◆ What is being asked ◆
From the records below, state how many lines include the word "Unit", giving only that number.

━━ Supplied records

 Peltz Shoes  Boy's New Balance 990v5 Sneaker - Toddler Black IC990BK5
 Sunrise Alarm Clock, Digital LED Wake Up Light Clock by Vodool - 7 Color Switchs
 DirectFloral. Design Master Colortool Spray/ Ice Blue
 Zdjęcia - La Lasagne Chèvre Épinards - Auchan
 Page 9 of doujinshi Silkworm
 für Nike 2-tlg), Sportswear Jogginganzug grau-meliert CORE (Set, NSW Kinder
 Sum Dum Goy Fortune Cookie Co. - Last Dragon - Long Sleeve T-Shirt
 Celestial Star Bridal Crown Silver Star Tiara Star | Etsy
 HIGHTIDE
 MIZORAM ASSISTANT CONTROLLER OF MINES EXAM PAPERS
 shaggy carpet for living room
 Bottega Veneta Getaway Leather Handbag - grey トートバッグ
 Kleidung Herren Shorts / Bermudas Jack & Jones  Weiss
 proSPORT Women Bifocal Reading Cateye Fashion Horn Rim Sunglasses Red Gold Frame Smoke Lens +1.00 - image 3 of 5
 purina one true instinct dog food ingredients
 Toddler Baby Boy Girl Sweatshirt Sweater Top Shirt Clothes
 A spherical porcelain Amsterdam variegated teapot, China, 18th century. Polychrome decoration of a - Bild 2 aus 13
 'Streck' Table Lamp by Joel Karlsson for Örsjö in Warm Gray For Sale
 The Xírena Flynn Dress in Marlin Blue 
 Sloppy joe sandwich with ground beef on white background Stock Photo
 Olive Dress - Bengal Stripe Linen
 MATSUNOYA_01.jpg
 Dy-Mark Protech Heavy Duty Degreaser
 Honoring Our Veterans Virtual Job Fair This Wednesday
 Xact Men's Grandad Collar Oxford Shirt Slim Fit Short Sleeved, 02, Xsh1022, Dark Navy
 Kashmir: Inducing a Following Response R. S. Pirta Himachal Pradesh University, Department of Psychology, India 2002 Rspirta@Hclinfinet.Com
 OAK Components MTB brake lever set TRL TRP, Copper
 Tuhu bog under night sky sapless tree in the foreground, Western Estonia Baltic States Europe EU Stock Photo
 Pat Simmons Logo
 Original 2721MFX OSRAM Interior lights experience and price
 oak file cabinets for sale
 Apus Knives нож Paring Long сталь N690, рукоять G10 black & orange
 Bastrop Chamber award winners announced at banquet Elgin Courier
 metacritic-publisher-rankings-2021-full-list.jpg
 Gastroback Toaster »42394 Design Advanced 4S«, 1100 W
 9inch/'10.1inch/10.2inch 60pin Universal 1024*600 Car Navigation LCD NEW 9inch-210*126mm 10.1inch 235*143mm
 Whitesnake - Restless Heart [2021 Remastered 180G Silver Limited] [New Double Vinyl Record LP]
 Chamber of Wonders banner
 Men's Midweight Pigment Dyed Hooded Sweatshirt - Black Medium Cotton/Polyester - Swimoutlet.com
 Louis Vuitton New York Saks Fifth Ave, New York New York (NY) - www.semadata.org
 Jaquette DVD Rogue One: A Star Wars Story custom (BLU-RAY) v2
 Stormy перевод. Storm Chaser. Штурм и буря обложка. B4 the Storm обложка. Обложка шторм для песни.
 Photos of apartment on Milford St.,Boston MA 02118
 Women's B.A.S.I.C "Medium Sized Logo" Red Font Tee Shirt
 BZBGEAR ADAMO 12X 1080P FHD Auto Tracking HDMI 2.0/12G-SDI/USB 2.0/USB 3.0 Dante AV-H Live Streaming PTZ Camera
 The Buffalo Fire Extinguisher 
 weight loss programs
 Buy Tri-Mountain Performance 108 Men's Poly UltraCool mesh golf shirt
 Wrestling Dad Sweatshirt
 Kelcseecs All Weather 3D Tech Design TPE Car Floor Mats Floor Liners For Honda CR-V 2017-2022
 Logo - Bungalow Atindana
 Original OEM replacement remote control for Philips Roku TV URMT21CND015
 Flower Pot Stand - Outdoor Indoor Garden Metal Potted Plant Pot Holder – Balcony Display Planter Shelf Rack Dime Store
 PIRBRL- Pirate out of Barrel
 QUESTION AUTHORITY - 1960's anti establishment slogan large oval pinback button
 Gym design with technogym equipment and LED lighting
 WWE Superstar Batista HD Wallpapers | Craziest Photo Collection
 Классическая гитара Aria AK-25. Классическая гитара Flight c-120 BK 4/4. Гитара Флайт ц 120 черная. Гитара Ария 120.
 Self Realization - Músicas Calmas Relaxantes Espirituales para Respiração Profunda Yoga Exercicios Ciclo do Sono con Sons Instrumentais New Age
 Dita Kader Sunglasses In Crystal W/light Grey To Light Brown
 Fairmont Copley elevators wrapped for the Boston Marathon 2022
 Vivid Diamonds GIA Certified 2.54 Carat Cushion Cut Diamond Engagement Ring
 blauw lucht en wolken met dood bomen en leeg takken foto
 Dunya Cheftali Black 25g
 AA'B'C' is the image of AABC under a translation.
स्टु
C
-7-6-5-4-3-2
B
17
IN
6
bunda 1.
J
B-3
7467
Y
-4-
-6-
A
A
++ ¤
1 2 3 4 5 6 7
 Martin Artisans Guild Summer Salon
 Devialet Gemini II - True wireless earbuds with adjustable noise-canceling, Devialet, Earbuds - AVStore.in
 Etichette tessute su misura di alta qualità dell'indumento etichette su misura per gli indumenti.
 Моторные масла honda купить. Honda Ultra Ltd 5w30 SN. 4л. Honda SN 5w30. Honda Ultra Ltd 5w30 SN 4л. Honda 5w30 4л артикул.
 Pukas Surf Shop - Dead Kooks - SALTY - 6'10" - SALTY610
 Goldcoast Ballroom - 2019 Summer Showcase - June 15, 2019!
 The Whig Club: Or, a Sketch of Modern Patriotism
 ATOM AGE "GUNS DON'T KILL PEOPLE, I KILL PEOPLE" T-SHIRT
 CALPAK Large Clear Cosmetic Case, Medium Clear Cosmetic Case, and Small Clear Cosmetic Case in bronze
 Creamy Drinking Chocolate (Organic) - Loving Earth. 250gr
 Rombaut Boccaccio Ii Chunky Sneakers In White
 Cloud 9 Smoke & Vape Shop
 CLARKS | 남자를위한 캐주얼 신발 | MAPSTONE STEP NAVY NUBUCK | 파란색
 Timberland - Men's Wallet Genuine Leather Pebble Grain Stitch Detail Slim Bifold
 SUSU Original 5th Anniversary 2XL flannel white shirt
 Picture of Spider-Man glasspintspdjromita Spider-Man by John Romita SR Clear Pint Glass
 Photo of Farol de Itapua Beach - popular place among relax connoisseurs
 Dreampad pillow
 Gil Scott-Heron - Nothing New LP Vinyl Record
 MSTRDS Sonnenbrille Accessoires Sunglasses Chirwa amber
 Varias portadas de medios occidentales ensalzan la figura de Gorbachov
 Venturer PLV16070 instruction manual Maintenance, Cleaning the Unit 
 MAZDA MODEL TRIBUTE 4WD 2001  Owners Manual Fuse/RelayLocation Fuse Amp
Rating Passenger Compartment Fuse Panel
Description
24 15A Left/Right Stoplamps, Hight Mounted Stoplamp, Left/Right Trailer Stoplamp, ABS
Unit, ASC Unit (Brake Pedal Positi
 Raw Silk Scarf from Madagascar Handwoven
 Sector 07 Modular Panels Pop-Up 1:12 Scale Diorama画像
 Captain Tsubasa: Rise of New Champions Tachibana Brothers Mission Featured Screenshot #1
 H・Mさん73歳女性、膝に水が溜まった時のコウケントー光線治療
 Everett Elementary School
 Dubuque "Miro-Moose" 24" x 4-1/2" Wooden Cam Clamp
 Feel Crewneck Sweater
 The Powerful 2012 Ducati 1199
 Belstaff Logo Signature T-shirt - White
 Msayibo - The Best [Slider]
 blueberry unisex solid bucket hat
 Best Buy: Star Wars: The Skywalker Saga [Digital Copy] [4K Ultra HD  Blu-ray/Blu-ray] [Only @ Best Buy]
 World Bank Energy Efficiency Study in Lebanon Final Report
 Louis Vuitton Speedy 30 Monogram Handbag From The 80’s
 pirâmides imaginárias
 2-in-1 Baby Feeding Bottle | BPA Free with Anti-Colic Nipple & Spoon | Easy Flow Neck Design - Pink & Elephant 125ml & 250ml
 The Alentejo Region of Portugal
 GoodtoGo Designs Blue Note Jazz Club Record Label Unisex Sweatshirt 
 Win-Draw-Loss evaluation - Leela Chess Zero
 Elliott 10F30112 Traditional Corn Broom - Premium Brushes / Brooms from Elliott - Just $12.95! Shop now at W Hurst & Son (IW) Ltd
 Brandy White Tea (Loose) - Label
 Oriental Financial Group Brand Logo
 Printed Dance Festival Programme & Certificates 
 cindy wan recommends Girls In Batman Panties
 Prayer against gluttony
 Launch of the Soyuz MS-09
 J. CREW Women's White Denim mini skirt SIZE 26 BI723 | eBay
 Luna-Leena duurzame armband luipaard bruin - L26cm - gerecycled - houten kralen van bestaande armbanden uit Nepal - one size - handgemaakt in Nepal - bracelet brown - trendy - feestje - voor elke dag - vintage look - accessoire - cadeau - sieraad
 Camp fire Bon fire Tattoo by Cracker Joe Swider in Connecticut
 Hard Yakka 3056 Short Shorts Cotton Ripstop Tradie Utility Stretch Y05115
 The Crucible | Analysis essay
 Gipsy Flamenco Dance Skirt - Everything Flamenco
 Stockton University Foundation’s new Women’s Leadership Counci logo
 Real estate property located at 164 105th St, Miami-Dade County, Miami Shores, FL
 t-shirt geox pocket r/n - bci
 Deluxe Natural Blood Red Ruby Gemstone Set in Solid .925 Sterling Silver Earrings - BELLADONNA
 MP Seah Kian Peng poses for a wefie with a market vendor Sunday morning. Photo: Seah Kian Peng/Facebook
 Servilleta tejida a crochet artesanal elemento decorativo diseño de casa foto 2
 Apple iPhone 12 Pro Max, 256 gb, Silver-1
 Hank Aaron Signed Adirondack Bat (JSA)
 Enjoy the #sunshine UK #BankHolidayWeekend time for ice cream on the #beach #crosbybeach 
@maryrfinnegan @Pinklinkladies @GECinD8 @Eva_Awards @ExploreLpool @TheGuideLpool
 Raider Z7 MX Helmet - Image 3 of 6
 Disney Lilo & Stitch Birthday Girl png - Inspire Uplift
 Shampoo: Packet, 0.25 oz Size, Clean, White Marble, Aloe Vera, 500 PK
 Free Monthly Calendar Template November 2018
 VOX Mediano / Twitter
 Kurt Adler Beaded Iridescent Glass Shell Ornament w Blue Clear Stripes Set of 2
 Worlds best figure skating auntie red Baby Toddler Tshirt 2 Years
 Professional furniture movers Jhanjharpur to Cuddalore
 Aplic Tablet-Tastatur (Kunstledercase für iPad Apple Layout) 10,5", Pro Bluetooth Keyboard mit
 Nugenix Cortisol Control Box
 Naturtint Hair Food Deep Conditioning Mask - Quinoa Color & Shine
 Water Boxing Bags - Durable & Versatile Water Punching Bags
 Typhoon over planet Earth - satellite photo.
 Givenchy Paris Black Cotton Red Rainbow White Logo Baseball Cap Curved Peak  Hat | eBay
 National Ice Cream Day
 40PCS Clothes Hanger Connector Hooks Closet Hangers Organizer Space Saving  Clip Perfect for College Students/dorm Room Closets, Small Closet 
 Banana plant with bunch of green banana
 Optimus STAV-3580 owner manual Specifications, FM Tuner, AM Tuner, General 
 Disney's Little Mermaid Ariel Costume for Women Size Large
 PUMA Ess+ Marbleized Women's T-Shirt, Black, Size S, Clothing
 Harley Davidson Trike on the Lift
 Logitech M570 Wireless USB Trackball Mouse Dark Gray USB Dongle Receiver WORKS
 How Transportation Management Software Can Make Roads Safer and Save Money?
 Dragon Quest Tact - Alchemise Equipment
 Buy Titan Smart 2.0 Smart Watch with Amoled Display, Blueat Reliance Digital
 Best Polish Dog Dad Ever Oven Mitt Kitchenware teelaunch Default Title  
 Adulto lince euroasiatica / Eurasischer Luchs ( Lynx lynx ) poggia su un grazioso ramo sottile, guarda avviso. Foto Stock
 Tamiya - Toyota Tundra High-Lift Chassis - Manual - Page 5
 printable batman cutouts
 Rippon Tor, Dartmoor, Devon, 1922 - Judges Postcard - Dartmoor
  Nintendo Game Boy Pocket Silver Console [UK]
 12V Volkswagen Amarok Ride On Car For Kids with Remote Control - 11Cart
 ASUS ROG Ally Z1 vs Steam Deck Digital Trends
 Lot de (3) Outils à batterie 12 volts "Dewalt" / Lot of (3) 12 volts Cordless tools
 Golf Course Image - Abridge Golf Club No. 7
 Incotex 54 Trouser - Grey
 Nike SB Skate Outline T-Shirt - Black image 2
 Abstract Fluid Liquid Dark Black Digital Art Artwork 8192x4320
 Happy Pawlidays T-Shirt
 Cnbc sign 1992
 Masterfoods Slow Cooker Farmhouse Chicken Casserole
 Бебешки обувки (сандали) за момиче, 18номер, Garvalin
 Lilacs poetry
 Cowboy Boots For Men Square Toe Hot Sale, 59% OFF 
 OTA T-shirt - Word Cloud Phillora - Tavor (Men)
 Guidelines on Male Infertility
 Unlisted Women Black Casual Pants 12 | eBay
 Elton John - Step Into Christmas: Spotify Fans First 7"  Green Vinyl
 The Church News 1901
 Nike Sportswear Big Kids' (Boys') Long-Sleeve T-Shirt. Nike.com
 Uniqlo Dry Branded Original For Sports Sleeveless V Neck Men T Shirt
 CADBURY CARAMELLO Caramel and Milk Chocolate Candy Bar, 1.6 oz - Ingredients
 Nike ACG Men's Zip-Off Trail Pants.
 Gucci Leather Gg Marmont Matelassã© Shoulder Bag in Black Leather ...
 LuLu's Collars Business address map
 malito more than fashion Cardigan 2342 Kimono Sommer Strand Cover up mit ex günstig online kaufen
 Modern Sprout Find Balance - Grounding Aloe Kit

━━━━

◆ Answer to the problem ◆
2